Much of it, the purpose is entirely unknown to or lost on me.

Much of it is duplicated. (And therefore prone to error or inconsistency)

So here goes:

(1) If required, PPR phone calls/log on internet
(2) Fill in the home club/airfield log book, including planned departure time and destination, etc, etc
(3) If land away: Fill in the visited club/airfield log book, including arrival time and originating airfield, blah, etc
(4) Fill in aircraft group logbook, including times for startup, departure, arrival, shutdown and origin and destination, blah, blah
(5) Fill in personal pilots logbook, including times for departure, arrival, and origin and destination, etc, yawn

Then repeat above steps for return flight, yawn, groan.

The above assumes the flight is not international or over water, in which case add:
(6) File flight plan with similar info plus more blah
(7) Police/Customers form with similar data plus plus yawn yawn

Now I understand the need for (4) so that our treasurer knows who to bill and for how much and so we can track hours to next engineering check.

And I understand the need for (5) so that my hours flown and recency can be tracked.

And I understand the need to track aircraft movements.

In this electronic age, do we really need to go through this throwback to the age of the Victorian bank clerk?

Re: Logging Flights

PostPosted:Sat Dec 12, 2015 10:41 am
by leiafee
At the strip where I'm based 3 and 4 are mainly there so the farmer can go, "Aha! You see we've been here ten years and had loads of movements and no one's even moticed much less raised a fuss so can we have our change-of-use on the nod, please."

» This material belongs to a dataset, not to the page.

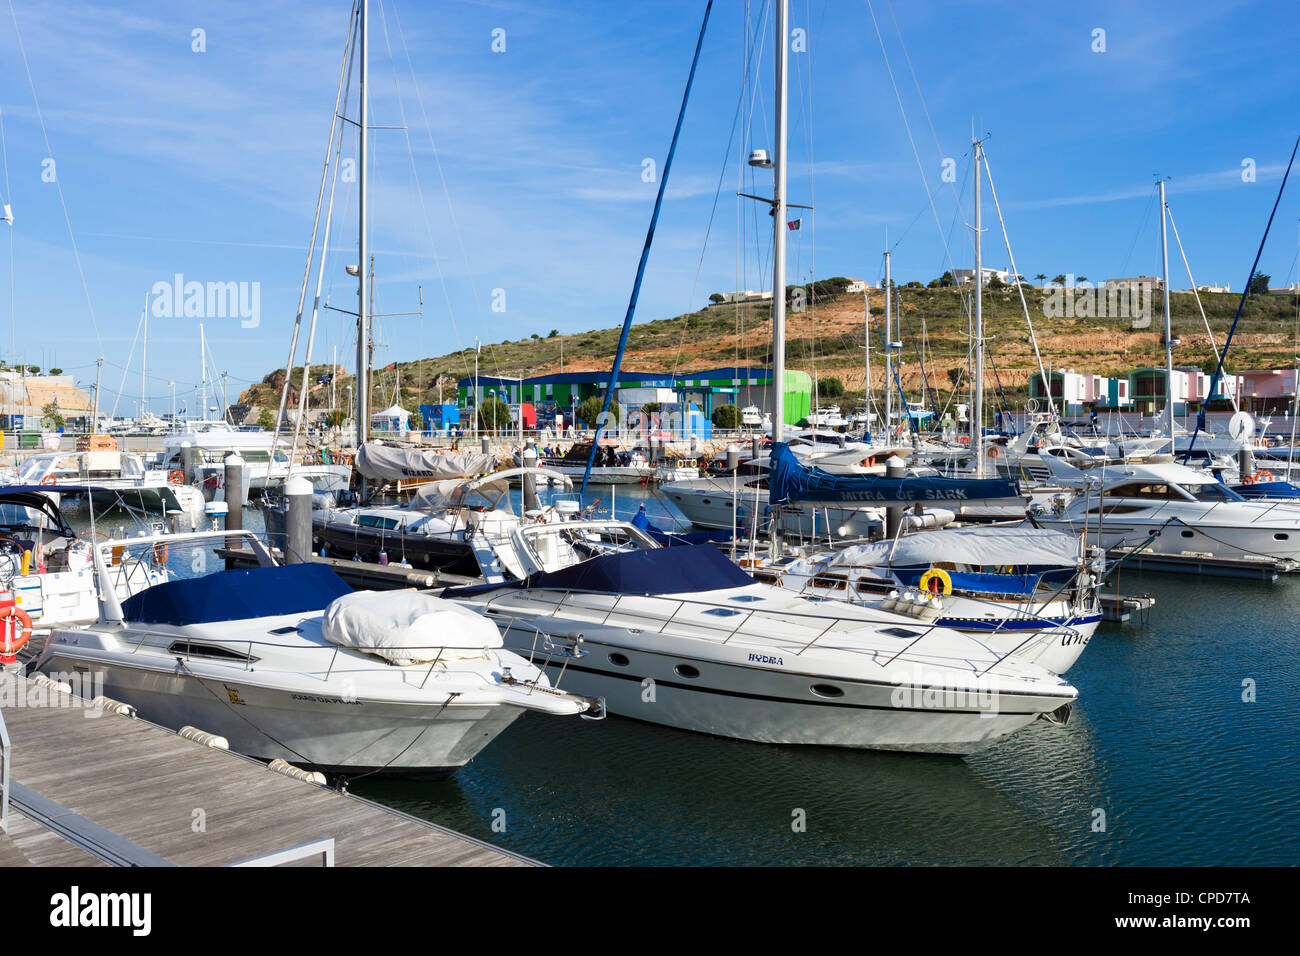 Boote in der Marina, Albufeira, Algarve, Portugal Stockbild

Although being a small community they also get used for, "Is everyone down, shall I put the windsock away for the night before I go?" and the rare "So and So's not back yet d'you think someone should check in with them?"

PostPosted:Thu Dec 17, 2015 10:52 am
by Peter Gristwood
BrianRoth wrote:
In this electronic age, do we really need to go through this throwback to the age of the Victorian bank clerk?


Not sure which electronic age you are thinking about. We are still in the Bronze Age as far as integrating systems in government agencies and many facilities aren't on line in any event. Don't forget that sub-Saharan Africa has broadband access faster than is promised to my village AFTER the arrival of superfast broadband.

Personally I don't have any problem with the use of paper systems. Booking in and out is almost a social activity and I prefer my paper logbooks, even though my flying is also recorded in electronic format. I can drop my flight bag with the logbooks still undamaged - not sure that would be the case with my laptop..... :lol:

Re: Logging Flights

PostPosted:Sat Sep 08, 2018 7:25 pm
by grahamgrg
You can also add:
5a LAA Aircraft logbook
5b LAA Engine logbook
5c LAA Propellor logbook

My wife reckons I spend twice as much time prepping and recording flights as I do actually flying them. Probably right!

Re: Logging Flights

PostPosted:Sun Sep 09, 2018 1:55 am
by PaulB
grahamgrg wrote:My wife reckons I spend twice as much time prepping and recording flights as I do actually flying them. Probably right!


My Dad used to smoke a pipe. He certainly spent *far* more time cleaning, filling it, proding the contents of the bowl with a matchstick and lighting it than he ever did smoking it.

Re: Logging Flights

PostPosted:Thu Sep 20, 2018 2:43 pm
by Genghis the Engineer
PaulB wrote:
grahamgrg wrote:My wife reckons I spend twice as much time prepping and recording flights as I do actually flying them. Probably right!


My Dad used to smoke a pipe. He certainly spent *far* more time cleaning, filling it, proding the contents of the bowl with a matchstick and lighting it than he ever did smoking it.


A late uncle, a pipe smoking professor of Chemistry always told me that all that pipe related activity was how he bought time to work out how to answer difficult questions from his students.